Try it
Set out exactly every line of the entries below, starting at the line that holds "相似三角形典型例题精选" and stopping after the line that holds "ESAM (Endokrin Sağlam".

Saved entries
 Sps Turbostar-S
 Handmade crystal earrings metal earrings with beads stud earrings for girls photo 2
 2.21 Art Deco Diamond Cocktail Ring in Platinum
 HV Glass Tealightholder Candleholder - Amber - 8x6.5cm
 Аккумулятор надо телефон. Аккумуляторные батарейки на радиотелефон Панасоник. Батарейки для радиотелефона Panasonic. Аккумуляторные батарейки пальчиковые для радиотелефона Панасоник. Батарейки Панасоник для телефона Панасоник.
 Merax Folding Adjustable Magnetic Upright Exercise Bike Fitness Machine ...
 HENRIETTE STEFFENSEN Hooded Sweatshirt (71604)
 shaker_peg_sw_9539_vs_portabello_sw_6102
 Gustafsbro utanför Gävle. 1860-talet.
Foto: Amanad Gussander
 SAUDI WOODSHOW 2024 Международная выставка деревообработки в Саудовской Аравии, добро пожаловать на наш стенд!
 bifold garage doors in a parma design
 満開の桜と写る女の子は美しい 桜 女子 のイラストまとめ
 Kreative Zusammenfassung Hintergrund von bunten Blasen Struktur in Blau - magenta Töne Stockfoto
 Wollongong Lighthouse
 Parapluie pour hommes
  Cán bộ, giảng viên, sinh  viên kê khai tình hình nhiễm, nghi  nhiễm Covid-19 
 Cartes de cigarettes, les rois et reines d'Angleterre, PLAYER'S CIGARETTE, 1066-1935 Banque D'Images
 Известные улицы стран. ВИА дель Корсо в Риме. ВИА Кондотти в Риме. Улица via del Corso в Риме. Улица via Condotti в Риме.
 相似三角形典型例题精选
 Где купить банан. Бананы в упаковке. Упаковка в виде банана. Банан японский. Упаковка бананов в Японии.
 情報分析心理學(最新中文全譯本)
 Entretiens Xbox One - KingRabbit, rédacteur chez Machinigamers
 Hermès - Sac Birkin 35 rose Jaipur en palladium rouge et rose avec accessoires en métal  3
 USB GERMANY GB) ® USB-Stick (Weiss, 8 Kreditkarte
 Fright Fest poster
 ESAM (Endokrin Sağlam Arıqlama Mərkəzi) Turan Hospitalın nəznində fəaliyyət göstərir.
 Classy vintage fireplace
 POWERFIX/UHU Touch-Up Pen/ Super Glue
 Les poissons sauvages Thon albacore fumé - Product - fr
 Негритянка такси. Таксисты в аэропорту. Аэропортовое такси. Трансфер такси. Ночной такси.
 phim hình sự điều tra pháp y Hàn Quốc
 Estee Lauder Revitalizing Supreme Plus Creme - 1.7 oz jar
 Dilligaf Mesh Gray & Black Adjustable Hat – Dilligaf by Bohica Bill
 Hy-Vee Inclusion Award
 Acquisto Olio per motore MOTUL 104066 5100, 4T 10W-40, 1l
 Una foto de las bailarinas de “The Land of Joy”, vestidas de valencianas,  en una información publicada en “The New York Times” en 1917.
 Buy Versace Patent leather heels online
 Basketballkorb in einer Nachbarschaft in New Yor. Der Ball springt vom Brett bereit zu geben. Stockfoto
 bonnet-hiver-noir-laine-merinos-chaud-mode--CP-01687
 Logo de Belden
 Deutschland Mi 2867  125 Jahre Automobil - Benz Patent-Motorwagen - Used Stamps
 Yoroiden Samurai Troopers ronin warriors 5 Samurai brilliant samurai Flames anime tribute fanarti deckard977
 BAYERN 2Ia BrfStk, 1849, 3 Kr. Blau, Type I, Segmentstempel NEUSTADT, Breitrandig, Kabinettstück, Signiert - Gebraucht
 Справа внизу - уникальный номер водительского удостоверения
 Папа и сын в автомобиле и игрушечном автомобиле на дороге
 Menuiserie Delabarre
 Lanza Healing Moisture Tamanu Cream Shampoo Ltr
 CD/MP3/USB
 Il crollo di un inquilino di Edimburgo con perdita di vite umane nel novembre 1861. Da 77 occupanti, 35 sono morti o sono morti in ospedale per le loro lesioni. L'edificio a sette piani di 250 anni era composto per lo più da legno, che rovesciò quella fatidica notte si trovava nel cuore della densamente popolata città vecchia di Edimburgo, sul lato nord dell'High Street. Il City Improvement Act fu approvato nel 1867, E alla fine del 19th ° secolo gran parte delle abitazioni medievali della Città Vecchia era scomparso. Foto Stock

Answer space
 相似三角形典型例题精选
 Где купить банан. Бананы в упаковке. Упаковка в виде банана. Банан японский. Упаковка бананов в Японии.
 情報分析心理學(最新中文全譯本)
 Entretiens Xbox One - KingRabbit, rédacteur chez Machinigamers
 Hermès - Sac Birkin 35 rose Jaipur en palladium rouge et rose avec accessoires en métal  3
 USB GERMANY GB) ® USB-Stick (Weiss, 8 Kreditkarte
 Fright Fest poster
 ESAM (Endokrin Sağlam Arıqlama Mərkəzi) Turan Hospitalın nəznində fəaliyyət göstərir.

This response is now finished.